Suppose I wanted to extract any quoted string followed by an exclamation
point. I'd like my regular expression match either single or double
quotes. I thought the following might work:

   re = /(['"])([^\1]*?)\1!/
   md = re.match %{ "this looks like "fun"!" }
   md[0] #=> "\"this looks like \"fun\"!"

But as you can see instead of matching <"fun"!> it matched <"this looks
like "fun"!>, despite the fact that I've told it to match anything but
the character that was used to quote it:

   [^\1]*?

It works beautifully if I tell it to match either single quotes or
double quotes, but I can't write it to match either in a single regular
expression:

   re = /"([^"]*?)"!/
   md = re.match %{ "this looks like "fun"!" }
   md[0] #=> "\"fun\"!"

Or:

   re = /'([^']*?)'!/
   md = re.match %{ 'this looks like 'fun'!' }
   md[0] #=> "'fun'!"

Why does the first regex not do what I want?
05e48e632fdd0b2c25d27042f52c11d5?d=identicon&s=25 A LeDonne (Guest)
on 2006-05-24 17:51
(Received via mailing list)
On 5/24/06, John W. Long <ng@johnwlong.com> wrote:
>
>    re = /"([^"]*?)"!/
>
> --
> John Long
> http://wiseheartdesign.com
> http://radiantcms.org

John-

It looks to me like backreferences are not available inside character
classes, because the backslash sequence is interpreted as a character.
So in a character class, \1 is the same as \001, commonly known as
control-A.

irb(main):018:0> re = /(a)([\1]) test/
=> /(a)([\1]) test/
irb(main):019:0> md = re.match "aa test"
=> nil
irb(main):020:0> md = re.match "a test"
=> nil
irb(main):021:0> md = re.match "a1 test"
=> nil
irb(main):022:0> md = re.match "a\1 test"
=> #<MatchData:0x28460e8>
irb(main):023:0> md[0]
=> "a\001 test"
irb(main):024:0> md[1]
=> "a"
irb(main):025:0> md[2]
=> "\001"


-A
6ec6f77ea603dd75b3a7a7775b059e79?d=identicon&s=25 John W. Long (Guest)
on 2006-05-24 18:08
(Received via mailing list)
A LeDonne wrote:
> => nil
> irb(main):021:0> md = re.match "a1 test"
> => nil
> irb(main):022:0> md = re.match "a\1 test"
> => #<MatchData:0x28460e8>
> irb(main):023:0> md[0]
> => "a\001 test"
> irb(main):024:0> md[1]
> => "a"
> irb(main):025:0> md[2]
> => "\001"

That makes perfect sense. So how do I get it to do what I want?
4299e35bacef054df40583da2d51edea?d=identicon&s=25 James Gray (bbazzarrakk)
on 2006-05-24 18:47
(Received via mailing list)
On May 24, 2006, at 11:06 AM, John W. Long wrote:

> That makes perfect sense. So how do I get it to do what I want?

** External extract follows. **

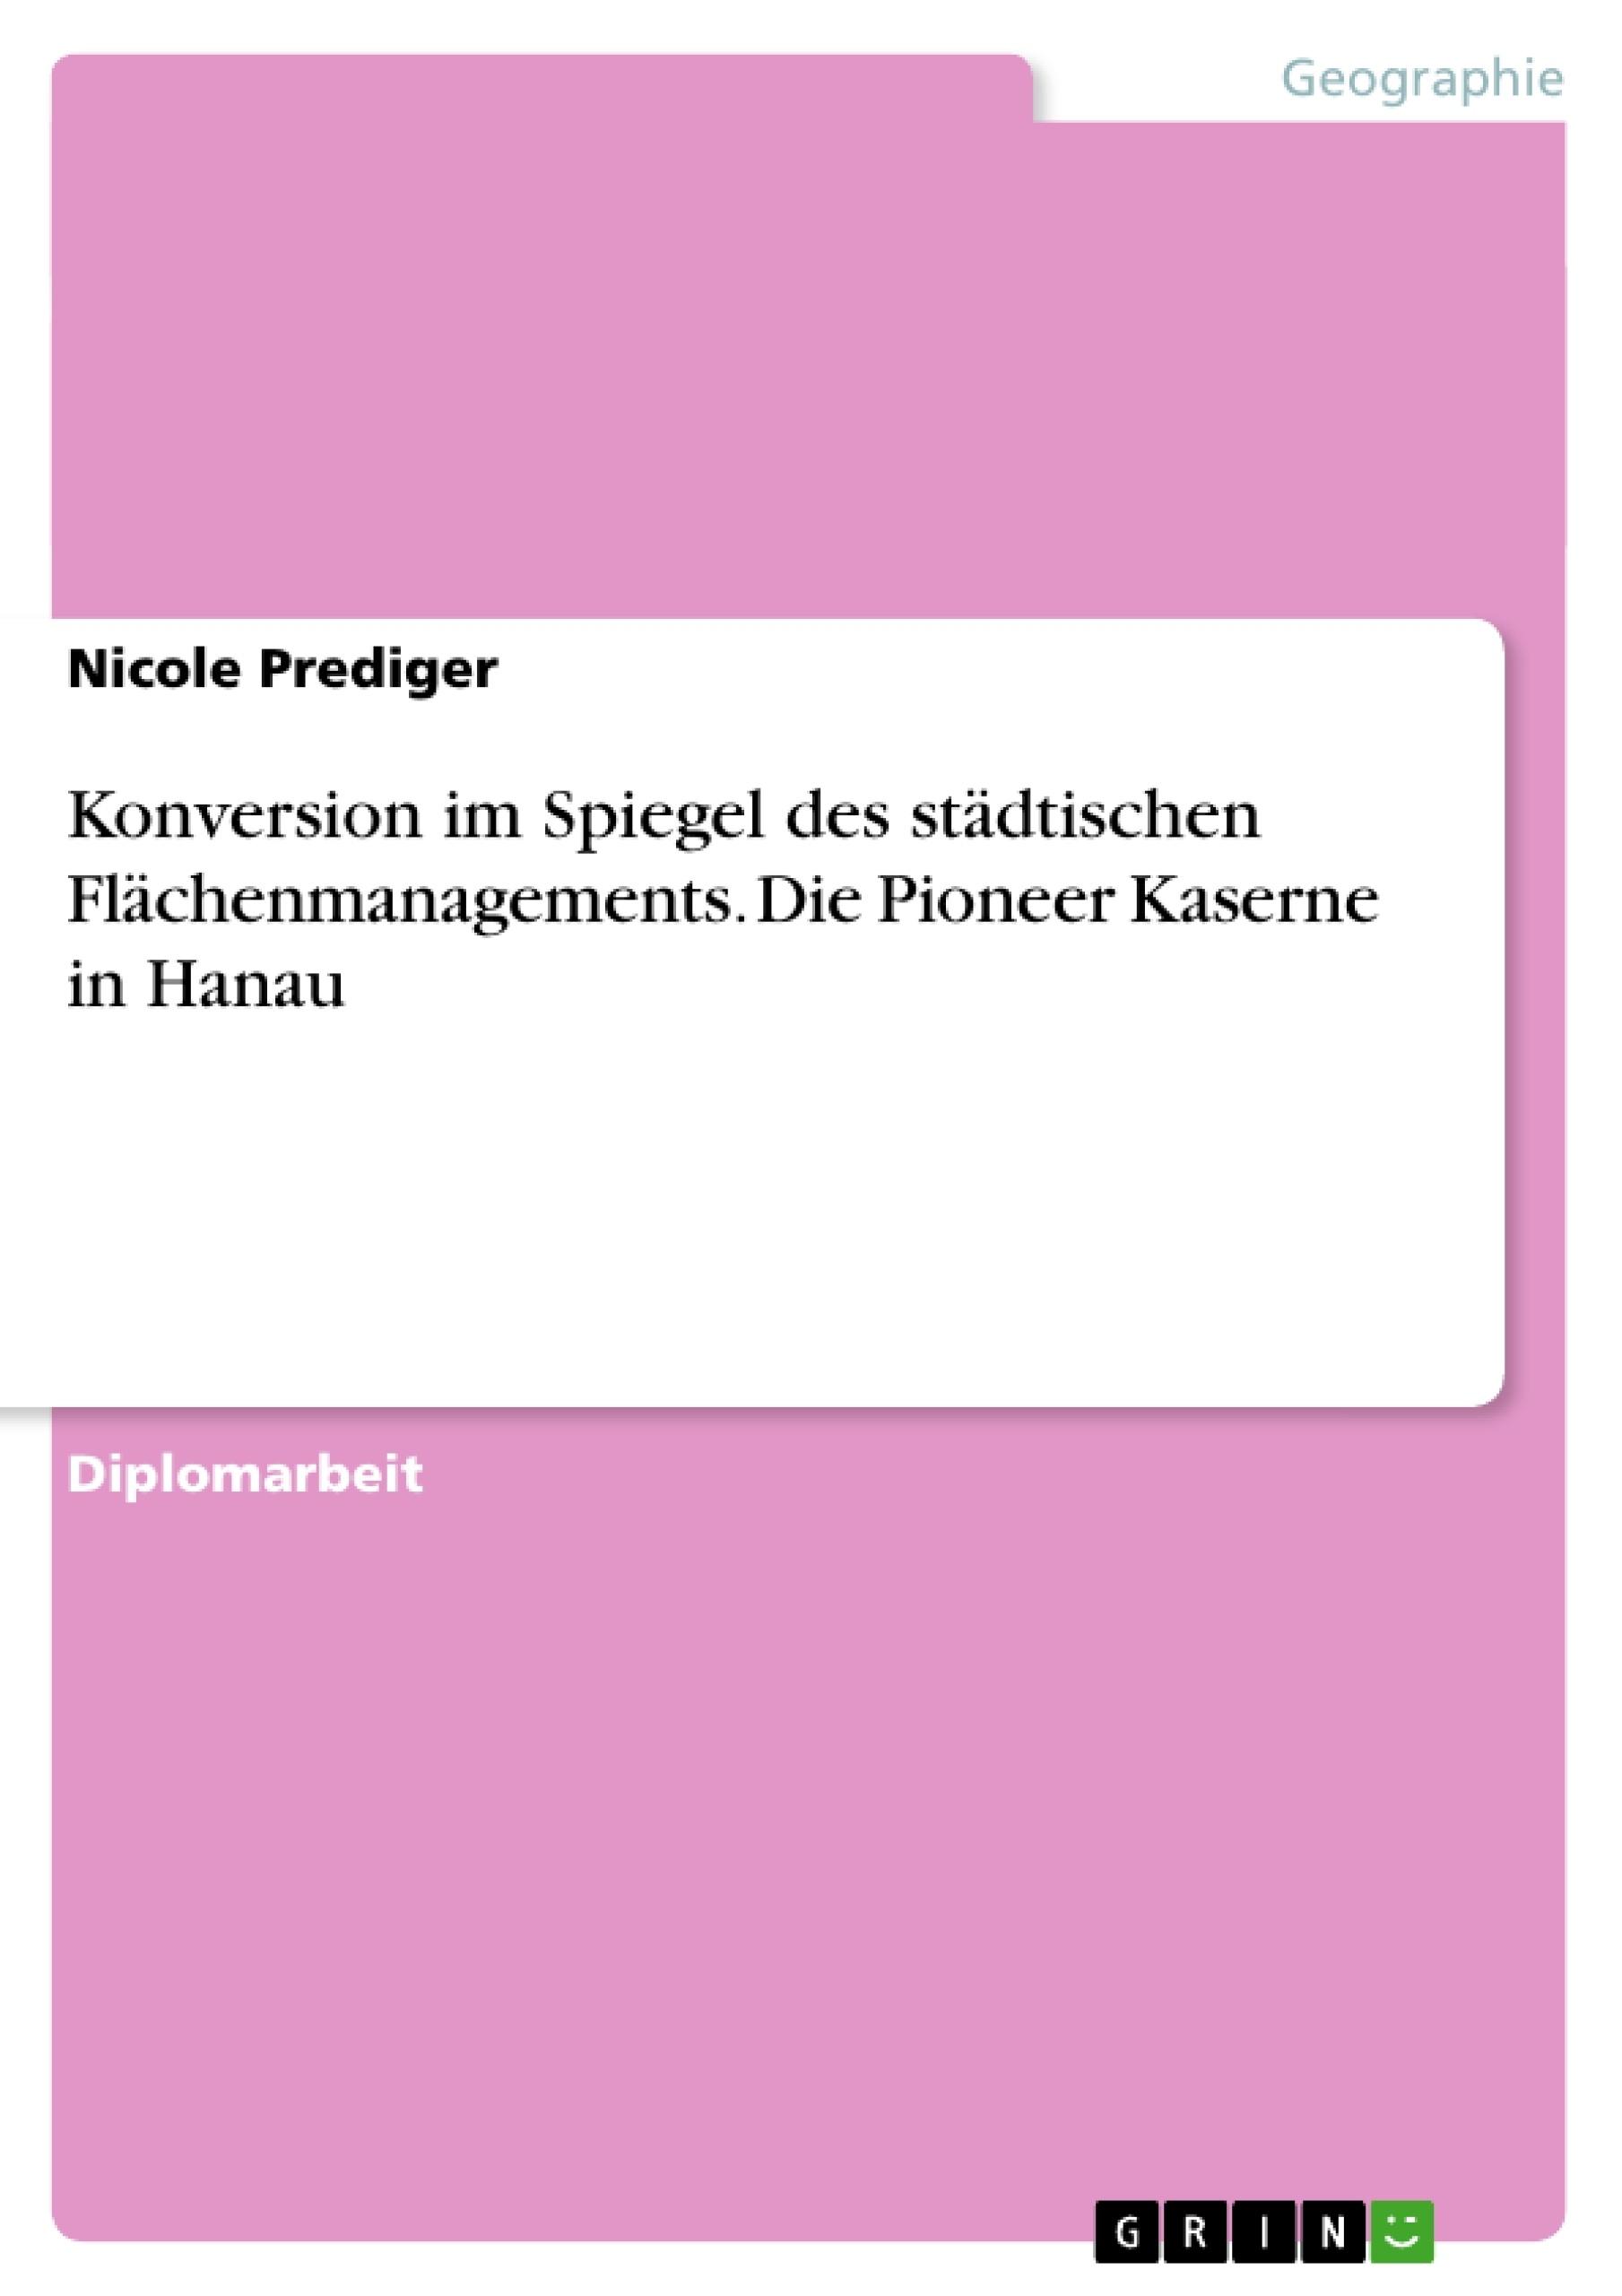 Titel: Konversion im Spiegel des städtischen Flächenmanagements. Die Pioneer Kaserne in Hanau
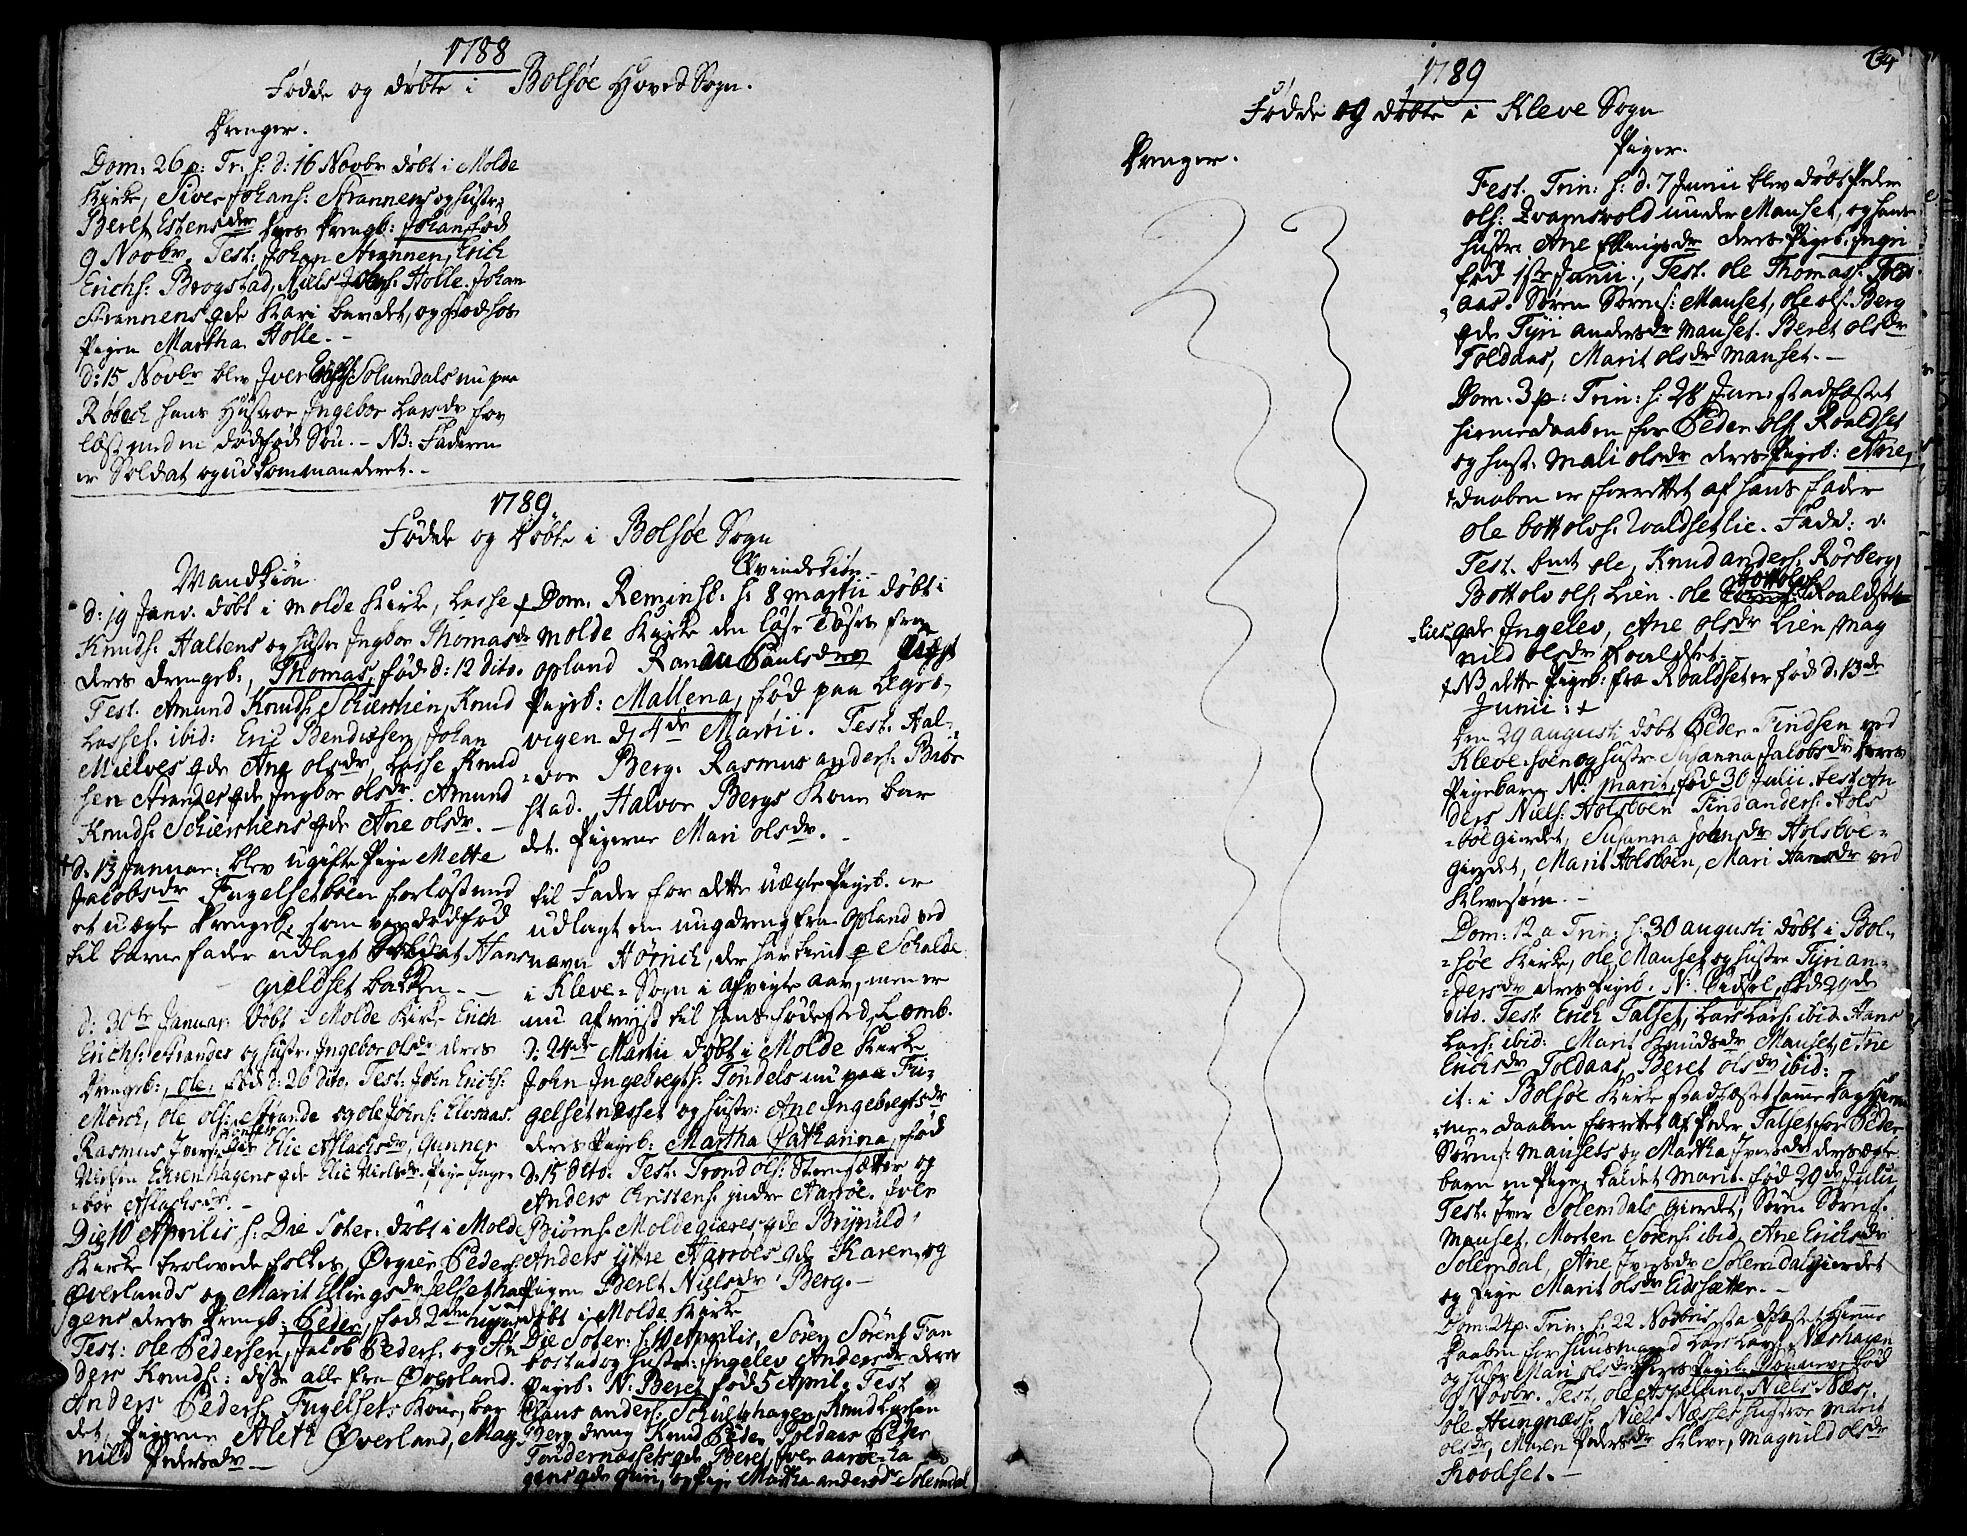 SAT, Ministerialprotokoller, klokkerbøker og fødselsregistre - Møre og Romsdal, 555/L0648: Ministerialbok nr. 555A01, 1759-1793, s. 64

 >> %{ "this looks like "fun"!" }[/(?:'[^']*?'|"[^"]*?")!/]
=> "\"fun\"!"
 >> %{ 'this looks like 'fun'!' }[/(?:'[^']*?'|"[^"]*?")!/]
=> "'fun'!"

Hope that helps.

James Edward Gray II
05e48e632fdd0b2c25d27042f52c11d5?d=identicon&s=25 A LeDonne (Guest)
on 2006-05-24 18:47
(Received via mailing list)
On 5/24/06, John W. Long <ng@johnwlong.com> wrote:
> That makes perfect sense. So how do I get it to do what I want?
>
> --
> John Long
> http://wiseheartdesign.com
> http://radiantcms.org

Umm.... backwards?

irb(main):001:0> re = /!(['"]).*?\1/
=> /!(['"]).*?\1/
irb(main):002:0> fun = %{ "this looks like "fun"!" }
=> " \"this looks like \"fun\"!\" "
irb(main):003:0> md = re.match fun.reverse
=> #<MatchData:0x2820660>
irb(main):004:0> md[0].reverse
=> "\"fun\"!"

This way, instead of trying to negate a character class, you're just
doing a non-greedy match from the anchored exclamation point - quote
mark combo to the first matching quote mark.

-A
6ec6f77ea603dd75b3a7a7775b059e79?d=identicon&s=25 John W. Long (Guest)
on 2006-05-24 18:53
(Received via mailing list)
John W. Long wrote:
> That makes perfect sense. So how do I get it to do what I want?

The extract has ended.